(LISTED ENTRIES begins)

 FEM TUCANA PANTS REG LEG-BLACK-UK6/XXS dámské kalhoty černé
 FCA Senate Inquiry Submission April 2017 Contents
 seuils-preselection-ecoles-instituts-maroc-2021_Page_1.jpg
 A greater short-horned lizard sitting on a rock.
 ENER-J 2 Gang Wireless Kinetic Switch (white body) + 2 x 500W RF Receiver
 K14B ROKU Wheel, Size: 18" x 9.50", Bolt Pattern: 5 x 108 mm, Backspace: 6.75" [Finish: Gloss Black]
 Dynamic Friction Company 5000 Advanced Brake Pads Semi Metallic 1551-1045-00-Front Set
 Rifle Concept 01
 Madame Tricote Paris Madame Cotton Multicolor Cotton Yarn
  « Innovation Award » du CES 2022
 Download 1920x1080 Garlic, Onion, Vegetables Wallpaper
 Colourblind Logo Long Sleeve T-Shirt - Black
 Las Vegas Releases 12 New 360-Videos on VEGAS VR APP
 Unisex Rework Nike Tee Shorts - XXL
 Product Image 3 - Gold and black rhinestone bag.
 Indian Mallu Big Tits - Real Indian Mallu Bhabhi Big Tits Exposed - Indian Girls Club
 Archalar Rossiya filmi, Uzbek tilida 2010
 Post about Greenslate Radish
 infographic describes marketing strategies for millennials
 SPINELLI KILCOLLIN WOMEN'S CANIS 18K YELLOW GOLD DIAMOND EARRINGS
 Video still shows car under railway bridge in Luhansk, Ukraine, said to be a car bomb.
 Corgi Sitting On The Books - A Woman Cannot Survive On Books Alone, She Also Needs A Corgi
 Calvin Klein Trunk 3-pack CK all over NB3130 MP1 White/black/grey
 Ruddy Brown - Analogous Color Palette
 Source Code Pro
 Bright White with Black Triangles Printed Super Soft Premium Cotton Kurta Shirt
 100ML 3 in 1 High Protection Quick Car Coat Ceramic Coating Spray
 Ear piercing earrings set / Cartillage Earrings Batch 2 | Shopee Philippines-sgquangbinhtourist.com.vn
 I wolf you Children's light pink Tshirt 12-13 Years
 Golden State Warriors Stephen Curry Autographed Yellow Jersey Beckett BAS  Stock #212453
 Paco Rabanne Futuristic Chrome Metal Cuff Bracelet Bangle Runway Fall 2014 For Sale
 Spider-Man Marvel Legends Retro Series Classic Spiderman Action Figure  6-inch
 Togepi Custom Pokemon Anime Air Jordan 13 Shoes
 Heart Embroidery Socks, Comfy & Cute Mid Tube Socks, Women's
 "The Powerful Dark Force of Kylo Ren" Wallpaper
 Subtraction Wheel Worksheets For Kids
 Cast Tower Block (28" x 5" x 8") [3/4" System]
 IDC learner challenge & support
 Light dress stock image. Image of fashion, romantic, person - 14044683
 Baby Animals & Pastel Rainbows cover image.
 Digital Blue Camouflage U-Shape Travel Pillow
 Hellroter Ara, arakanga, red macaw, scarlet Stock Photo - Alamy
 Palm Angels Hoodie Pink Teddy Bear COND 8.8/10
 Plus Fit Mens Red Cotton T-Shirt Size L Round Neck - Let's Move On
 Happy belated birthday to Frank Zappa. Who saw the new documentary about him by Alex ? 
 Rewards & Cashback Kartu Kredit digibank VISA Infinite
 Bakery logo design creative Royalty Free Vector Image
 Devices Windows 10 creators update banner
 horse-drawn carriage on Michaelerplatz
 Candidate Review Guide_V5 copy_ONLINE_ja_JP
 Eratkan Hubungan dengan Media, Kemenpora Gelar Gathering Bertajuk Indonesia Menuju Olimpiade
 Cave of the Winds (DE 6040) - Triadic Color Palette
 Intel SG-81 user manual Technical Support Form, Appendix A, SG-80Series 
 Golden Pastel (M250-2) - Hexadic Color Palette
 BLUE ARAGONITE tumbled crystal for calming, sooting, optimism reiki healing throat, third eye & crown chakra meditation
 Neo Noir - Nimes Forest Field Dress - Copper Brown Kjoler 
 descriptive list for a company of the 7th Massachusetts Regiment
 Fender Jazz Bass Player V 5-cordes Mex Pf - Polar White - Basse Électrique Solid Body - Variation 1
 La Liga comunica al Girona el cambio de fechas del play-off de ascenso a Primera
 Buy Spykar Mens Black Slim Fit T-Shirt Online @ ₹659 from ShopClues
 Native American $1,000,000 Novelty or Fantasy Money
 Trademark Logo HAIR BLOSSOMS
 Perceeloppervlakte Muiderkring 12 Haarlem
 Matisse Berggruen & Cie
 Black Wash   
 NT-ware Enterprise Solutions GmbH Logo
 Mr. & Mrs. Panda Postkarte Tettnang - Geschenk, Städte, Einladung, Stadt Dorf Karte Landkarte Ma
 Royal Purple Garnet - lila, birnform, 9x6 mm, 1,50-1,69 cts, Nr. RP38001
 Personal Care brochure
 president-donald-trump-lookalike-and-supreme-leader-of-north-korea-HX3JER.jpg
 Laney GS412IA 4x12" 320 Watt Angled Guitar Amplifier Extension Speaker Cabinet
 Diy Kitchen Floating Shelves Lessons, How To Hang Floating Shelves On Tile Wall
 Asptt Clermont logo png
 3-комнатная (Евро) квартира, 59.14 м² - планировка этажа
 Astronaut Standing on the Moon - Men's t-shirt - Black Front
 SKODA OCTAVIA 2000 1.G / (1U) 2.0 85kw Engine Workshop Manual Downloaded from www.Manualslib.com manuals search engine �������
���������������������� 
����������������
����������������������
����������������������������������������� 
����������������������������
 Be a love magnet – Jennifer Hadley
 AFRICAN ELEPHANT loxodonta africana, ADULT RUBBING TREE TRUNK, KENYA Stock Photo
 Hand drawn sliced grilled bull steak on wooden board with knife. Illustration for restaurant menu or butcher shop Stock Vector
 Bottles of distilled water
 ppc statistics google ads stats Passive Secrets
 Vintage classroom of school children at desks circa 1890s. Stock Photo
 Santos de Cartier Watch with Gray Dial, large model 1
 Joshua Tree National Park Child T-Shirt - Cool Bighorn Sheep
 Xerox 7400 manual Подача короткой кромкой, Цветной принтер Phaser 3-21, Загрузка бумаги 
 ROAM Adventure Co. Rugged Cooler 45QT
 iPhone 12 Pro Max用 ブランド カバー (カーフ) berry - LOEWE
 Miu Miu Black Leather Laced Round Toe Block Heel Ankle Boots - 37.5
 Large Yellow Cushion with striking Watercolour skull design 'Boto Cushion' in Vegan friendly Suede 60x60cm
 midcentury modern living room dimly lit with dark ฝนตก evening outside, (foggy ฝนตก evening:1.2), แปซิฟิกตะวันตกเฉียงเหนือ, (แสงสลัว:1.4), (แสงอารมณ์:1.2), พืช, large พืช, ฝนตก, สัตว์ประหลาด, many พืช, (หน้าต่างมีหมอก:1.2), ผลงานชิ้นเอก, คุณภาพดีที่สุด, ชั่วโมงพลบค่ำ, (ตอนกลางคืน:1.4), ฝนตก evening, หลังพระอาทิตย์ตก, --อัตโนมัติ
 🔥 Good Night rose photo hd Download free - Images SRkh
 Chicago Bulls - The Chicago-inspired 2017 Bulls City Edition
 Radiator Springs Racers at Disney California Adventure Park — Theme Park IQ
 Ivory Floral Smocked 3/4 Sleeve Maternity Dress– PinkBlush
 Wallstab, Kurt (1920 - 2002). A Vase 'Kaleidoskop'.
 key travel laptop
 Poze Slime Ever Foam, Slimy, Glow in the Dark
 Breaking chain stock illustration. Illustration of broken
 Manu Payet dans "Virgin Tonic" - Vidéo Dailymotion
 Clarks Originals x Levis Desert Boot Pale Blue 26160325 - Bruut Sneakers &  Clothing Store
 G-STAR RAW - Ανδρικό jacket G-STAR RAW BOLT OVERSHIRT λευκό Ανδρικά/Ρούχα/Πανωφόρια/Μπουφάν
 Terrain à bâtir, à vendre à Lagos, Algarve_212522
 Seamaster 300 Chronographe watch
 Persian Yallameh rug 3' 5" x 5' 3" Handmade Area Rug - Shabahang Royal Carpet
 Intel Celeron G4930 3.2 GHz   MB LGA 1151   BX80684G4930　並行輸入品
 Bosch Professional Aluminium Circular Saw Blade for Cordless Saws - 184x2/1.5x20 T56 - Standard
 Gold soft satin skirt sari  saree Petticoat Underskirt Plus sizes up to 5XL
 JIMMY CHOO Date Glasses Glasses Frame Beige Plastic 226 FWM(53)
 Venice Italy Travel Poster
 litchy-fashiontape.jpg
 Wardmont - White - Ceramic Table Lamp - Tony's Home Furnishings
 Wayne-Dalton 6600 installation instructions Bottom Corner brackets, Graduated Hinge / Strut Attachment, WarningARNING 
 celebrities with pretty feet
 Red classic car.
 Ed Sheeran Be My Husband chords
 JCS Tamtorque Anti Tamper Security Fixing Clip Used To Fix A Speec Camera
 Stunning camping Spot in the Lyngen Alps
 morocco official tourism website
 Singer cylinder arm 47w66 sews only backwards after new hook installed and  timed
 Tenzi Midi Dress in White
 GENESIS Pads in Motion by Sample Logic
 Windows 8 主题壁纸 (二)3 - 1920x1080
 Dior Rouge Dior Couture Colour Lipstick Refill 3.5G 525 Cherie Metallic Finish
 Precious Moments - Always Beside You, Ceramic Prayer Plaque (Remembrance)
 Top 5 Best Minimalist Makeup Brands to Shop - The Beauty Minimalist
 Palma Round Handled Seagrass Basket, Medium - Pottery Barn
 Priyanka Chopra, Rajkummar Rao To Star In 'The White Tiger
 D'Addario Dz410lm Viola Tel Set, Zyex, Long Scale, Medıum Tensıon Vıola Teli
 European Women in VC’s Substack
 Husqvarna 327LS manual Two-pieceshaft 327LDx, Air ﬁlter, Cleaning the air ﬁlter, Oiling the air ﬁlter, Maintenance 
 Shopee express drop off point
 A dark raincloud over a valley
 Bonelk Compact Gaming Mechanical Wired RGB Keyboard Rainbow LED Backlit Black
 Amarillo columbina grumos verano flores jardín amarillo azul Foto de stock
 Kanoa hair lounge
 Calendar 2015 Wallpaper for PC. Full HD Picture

(LISTED ENTRIES ends)

__EXERCISE__.
Go through the records above and, whenever a line includes the word "Intel", copy it.

__OUTPUT FOR THIS EXERCISE__.
 Intel SG-81 user manual Technical Support Form, Appendix A, SG-80Series 
 Intel Celeron G4930 3.2 GHz   MB LGA 1151   BX80684G4930　並行輸入品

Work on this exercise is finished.